Iranian Soheil Vahedi, who left the tour last season and now competes as an amateur, has previously explained how difficult it is to survive in the game, especially on foreign soil, and called for more support from the World Snooker Tour.
‘They [WST] need to sit down and talk about this, ”said Vahedi Metro.co.uk earlier this year. “They have to find a way to support people so that they don’t end up with no money at all. This is what my request is and I don’t think there is anyone who would disagree with this.
“If we give up the tour and never play snooker again, it’s not good for the game. There would be fewer people who would want to play snooker or come to the UK because they will know how difficult it is. ‘
Joe Perry, a pro since 1992 and a former player’s championship winner, agrees the sport risks losing players who can’t fund their careers as they try to climb the rankings.
“We’re going to lose players,” the gentleman told Metro.co.uk. “Some are lucky, they have financial backing, but most can’t keep trying and struggling. Eventually the money runs out and you can’t keep chasing the rainbows.
“It’s sad because you get the right breaks and the right time, some of these players might go on and have great careers, but it’s so hard to break through. The rewards at the bottom… well, it doesn’t. there are no rewards.

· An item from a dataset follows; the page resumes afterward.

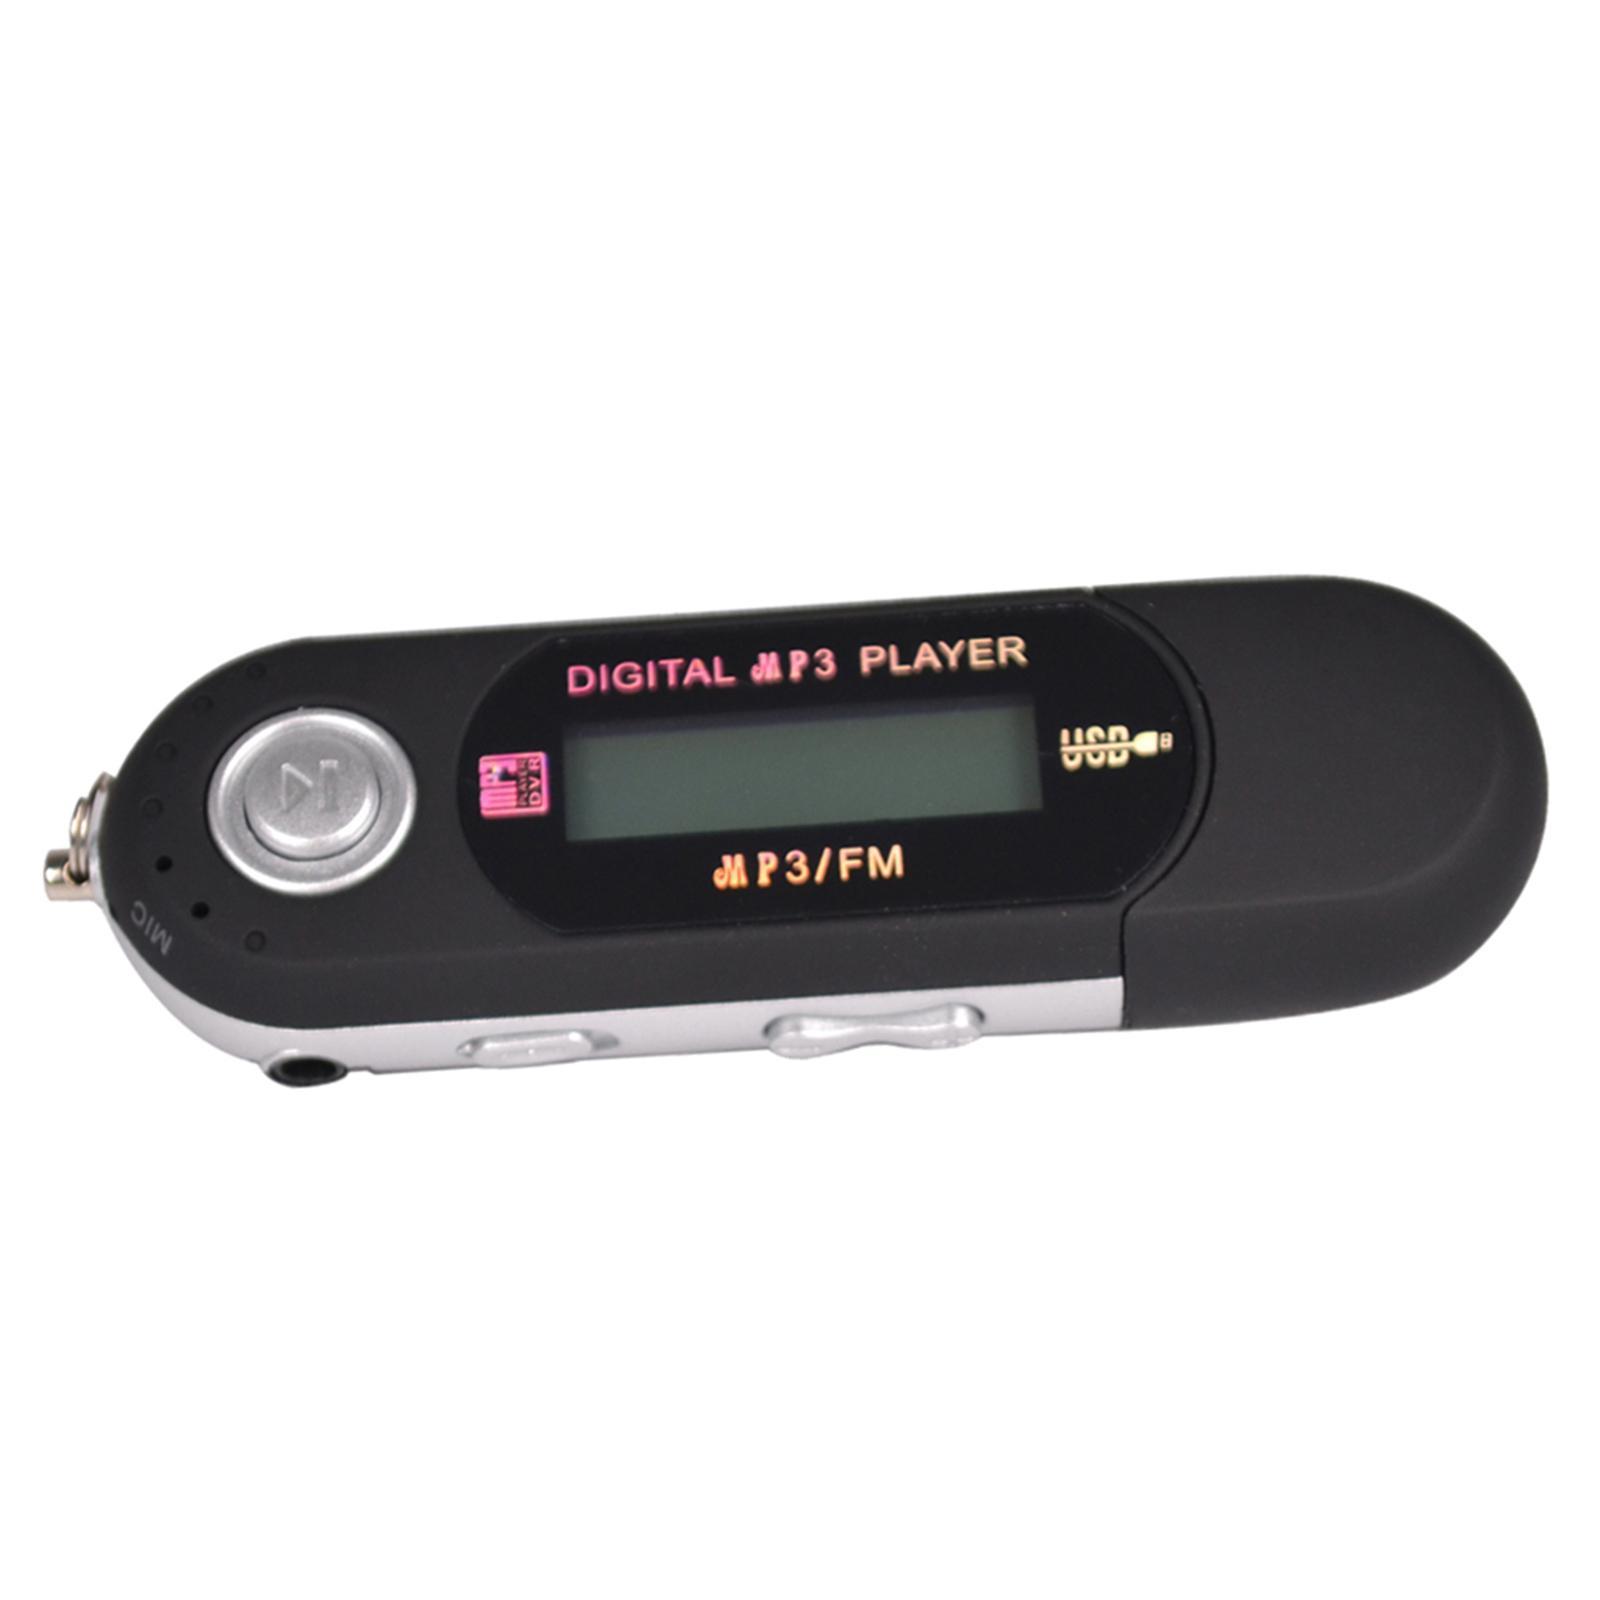 4GB LCD MP3 MP4 Music Video Media Player ,Black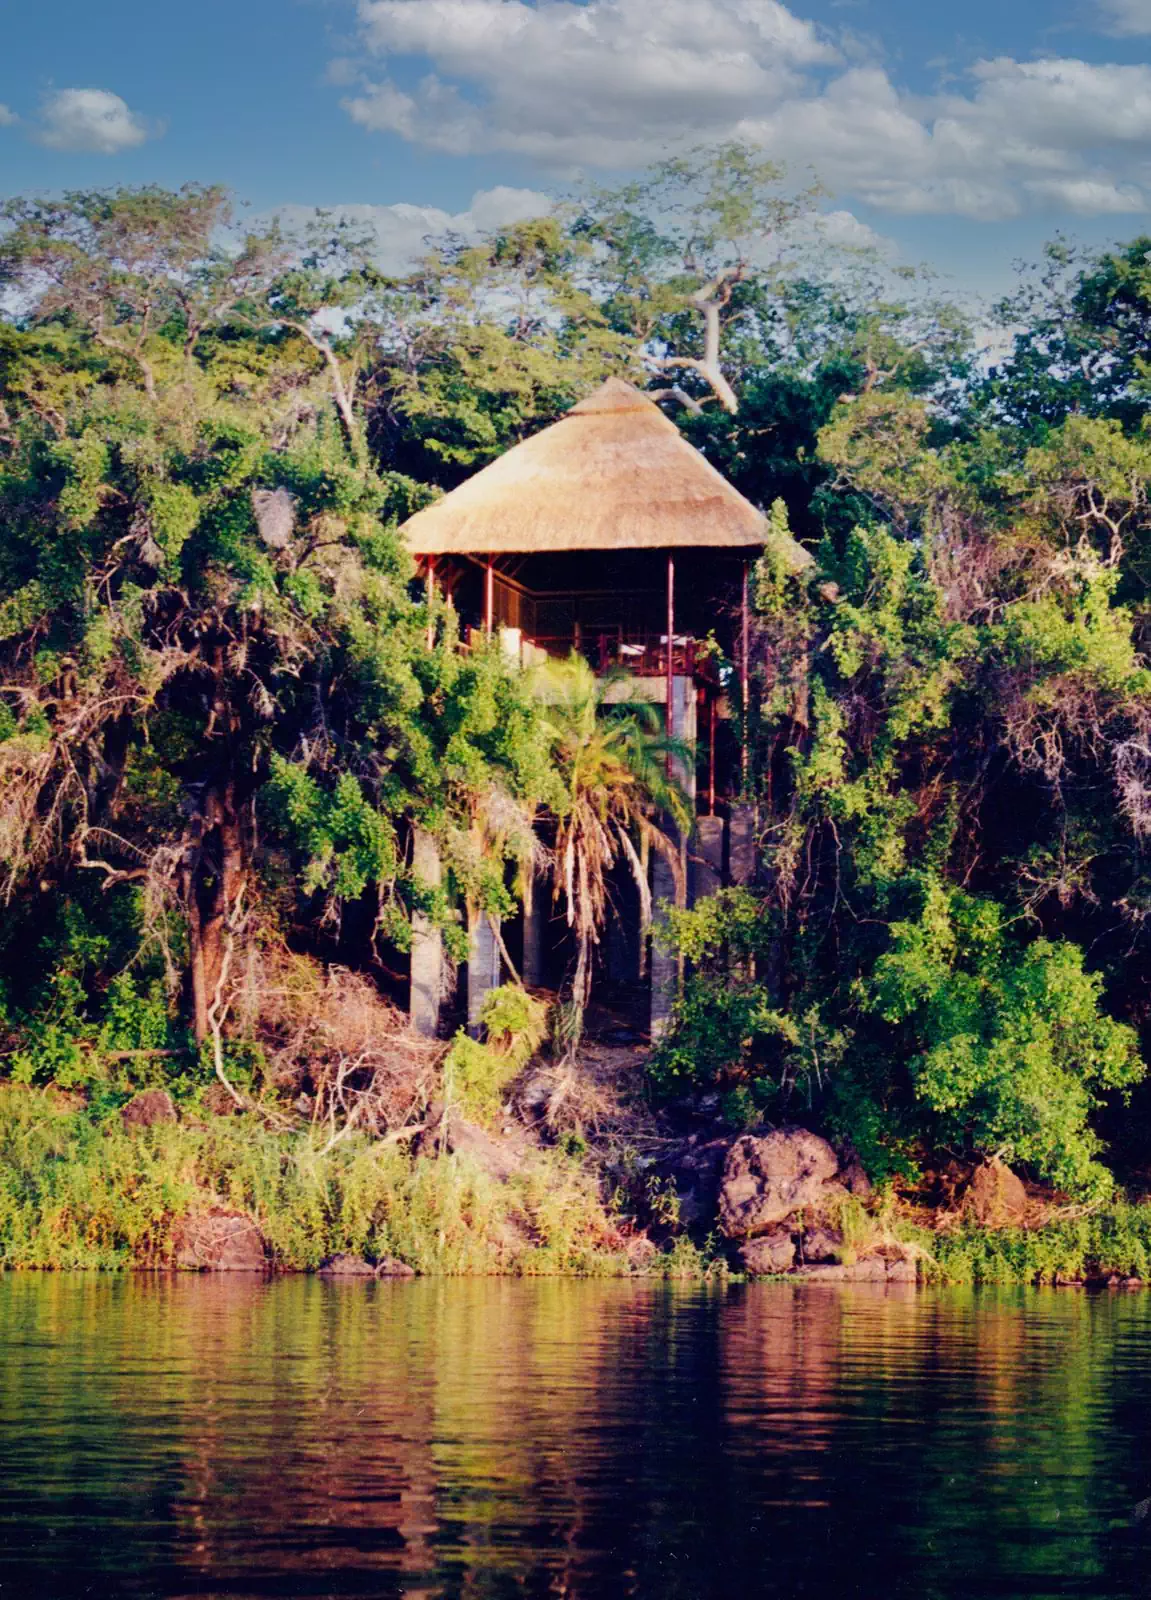 Thatched bungalow in dense vegetation on steel stilts overlooking Zambezi river designed by Zimbabwean architect

“You are a professional snooker player. You don’t get a letter at your door saying, “We’re going to let you play on the tour next year. You win it, however you earn it, you should get something.
“A £ 250 dish for losing the first round won’t change a thing, but it’s something. You won’t lose money in tournaments which shouldn’t happen if you are a professional snooker player.
“When Barry Hearn was president of Leyton Orient, didn’t his players get a salary if they lost 4-0 on a Saturday? Of course not.’
The WST thinking about this is that they don’t want to reward players for not having accomplished anything. However, most appeals are not about making a full living from losing money in the first round, but just covering the losses.
Some suggest that if a player has a hard time making money they just aren’t good enough to be on the tour, but the way the tour is structured makes it very difficult for newcomers to progress.
Those at the bottom of the leaderboard will regularly play against players at the very top, which means it’s about being constantly put on bottom rather than a gradual process of learning to swim.
Perry explains: “Some of the guys from Australia came to play at Cambridge, one was Vinny Calabrese and I remember what he said, it hit me.
“He had a series of draws where he played Barry Hawkins, John Higgins, Ronnie O’Sullivan, Mark Williams, a few others that he was never likely to beat.
“The next draws came out and he had Nigel Bond and Jimmy White and he said, ‘I’ve got a good draw! “I thought to myself, this is not a good draw.
“When the bets came out they were like 1/3 or 2/5, but since the other draws were almost impossible to win, they looked good. He lost them both because there was so much pressure on him to win.
“He was a talented little player, but who’s going to break through and play them kinda week after week?” It’s brutal and I don’t like it.